Green’s strategy zeroed in on prospective donors who looked for clues about average donation size when asked to “give from the heart.” He explained that providing guidance to prospective donors and how the question was framed really made a difference in a donation size. For example, he would ask for a donation of $10, $25, $50; of $50, $100, or $250; or of $100, $250, or $500, depending on what the prospective donor’s capacity was and what their willingness to give would be. He also utilized additional page features, such as the ticker and thermometer widgets to help guide and nudge the donation levels up.

“We went to people we thought would be $500 to $1,000 donors first; they were the pacesetters,” Green said. “We made sure that group included senior family members and colleagues whose names on our ticker would be a beacon for other donors. Then we stepped down to folks who were earlier in their careers and had less capacity to give.”

He felt that anchoring at higher numbers from respected members of the community, which people could see on his personal donation page, enticed people who would not have given to give and those who would have given anyway, to give more. Finally at the end he asked people of some means to stretch a bit and to help him make his then-goal of $20,000; a goal that at one point he was at risk of missing.

“We thought we were tapped out at around $18,000, then saw some extraordinary generosity by people who love Siobhan and really wanted to help in her name,” said Green. “They’d been holding out because they wanted to be Team Siobhan’s second wind.”

In the middle of all of this, a crucial moment for Green helped him find more motivation to keep going beyond his goal. “Siobhan got flustered while trying to tell me about a doggie she saw,” he said. “She cried, held her tongue, and signed, ‘Daddy, help me talk.’”

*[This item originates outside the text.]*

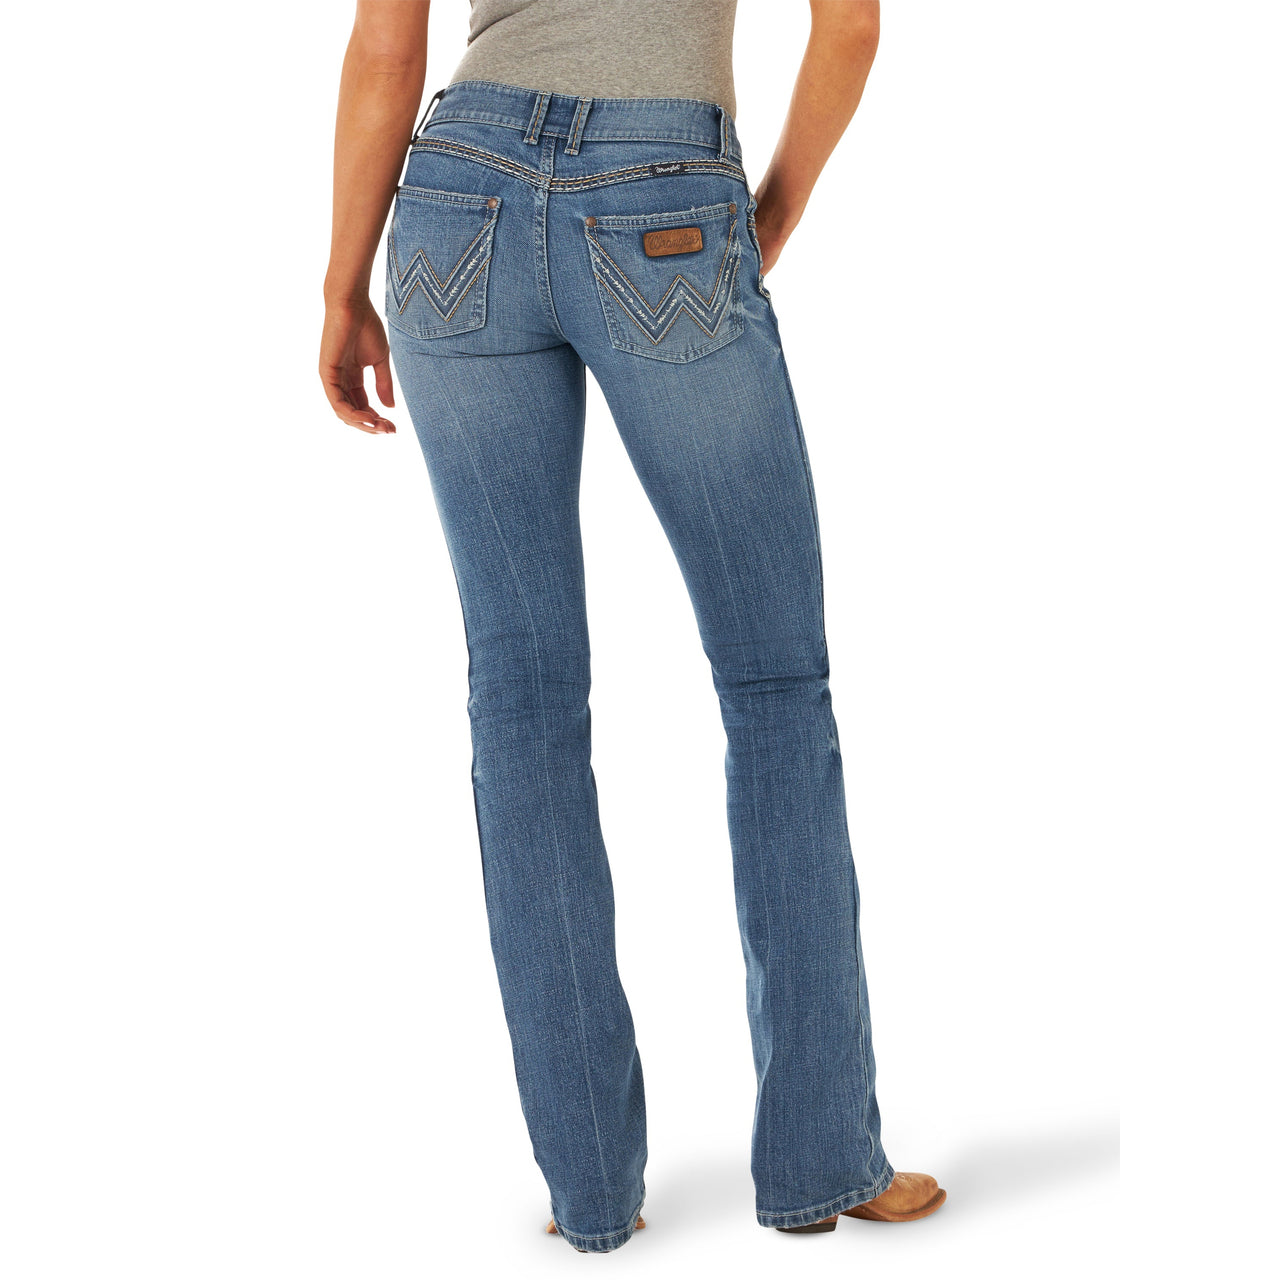 Women's Jeans & Pants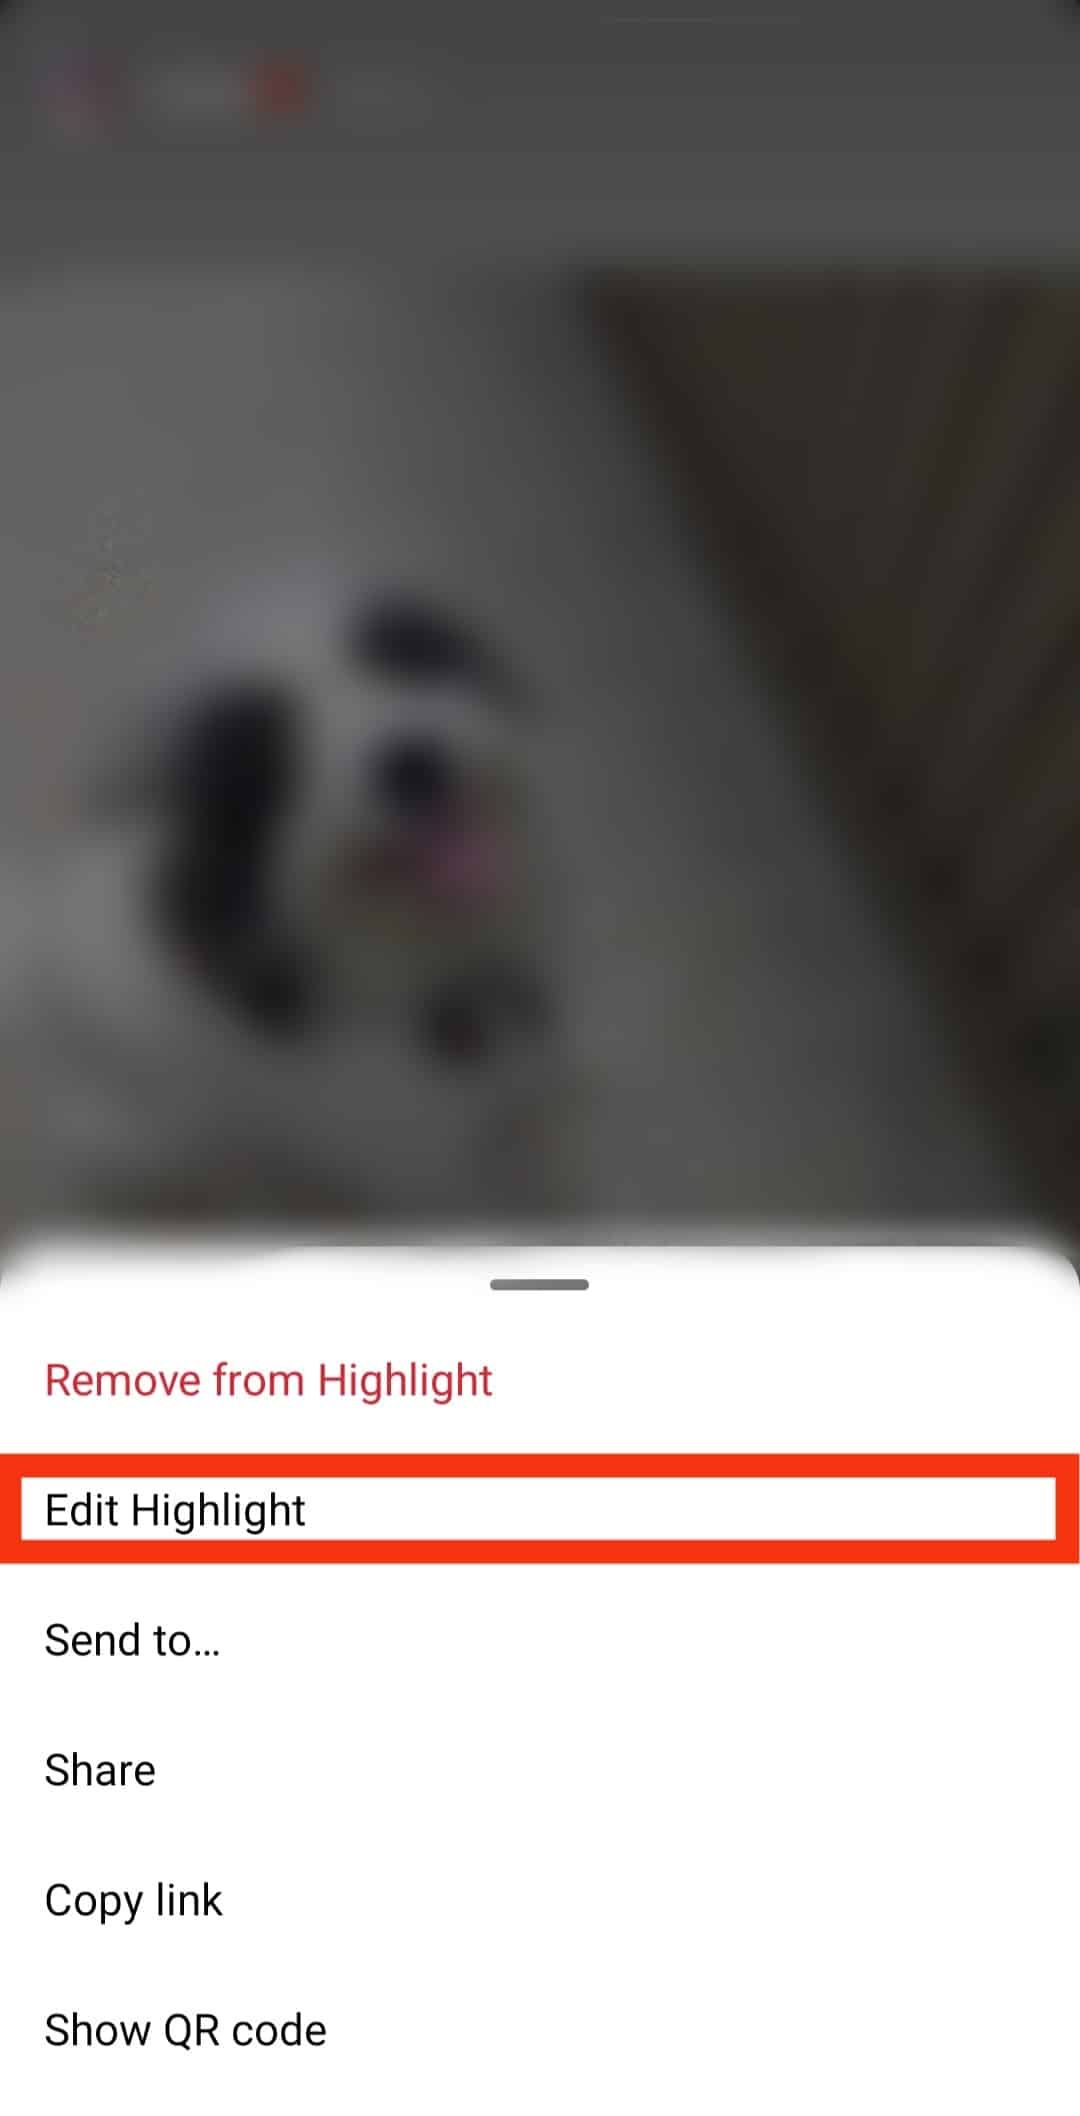 Select Edit Highlight

Pushing all doubts aside, Green continued to support his daughter by raising a total of $20,868.31 in his enthusiastic campaign. With a couple of additional donations and company matches, his team’s total reached over $22,053.31 for the 2011 Denver Walk for Children with Apraxia of Speech.

“Following up with donors to ask for a company match is usually well-received, as it's often not much work on the donor's part and is a great way for the donor to magnify the impact of his or her donation,” said Green. His widespread reach included a total of 186 individual donors that as a result would help support CASANA and benefit important funding for future programs and research.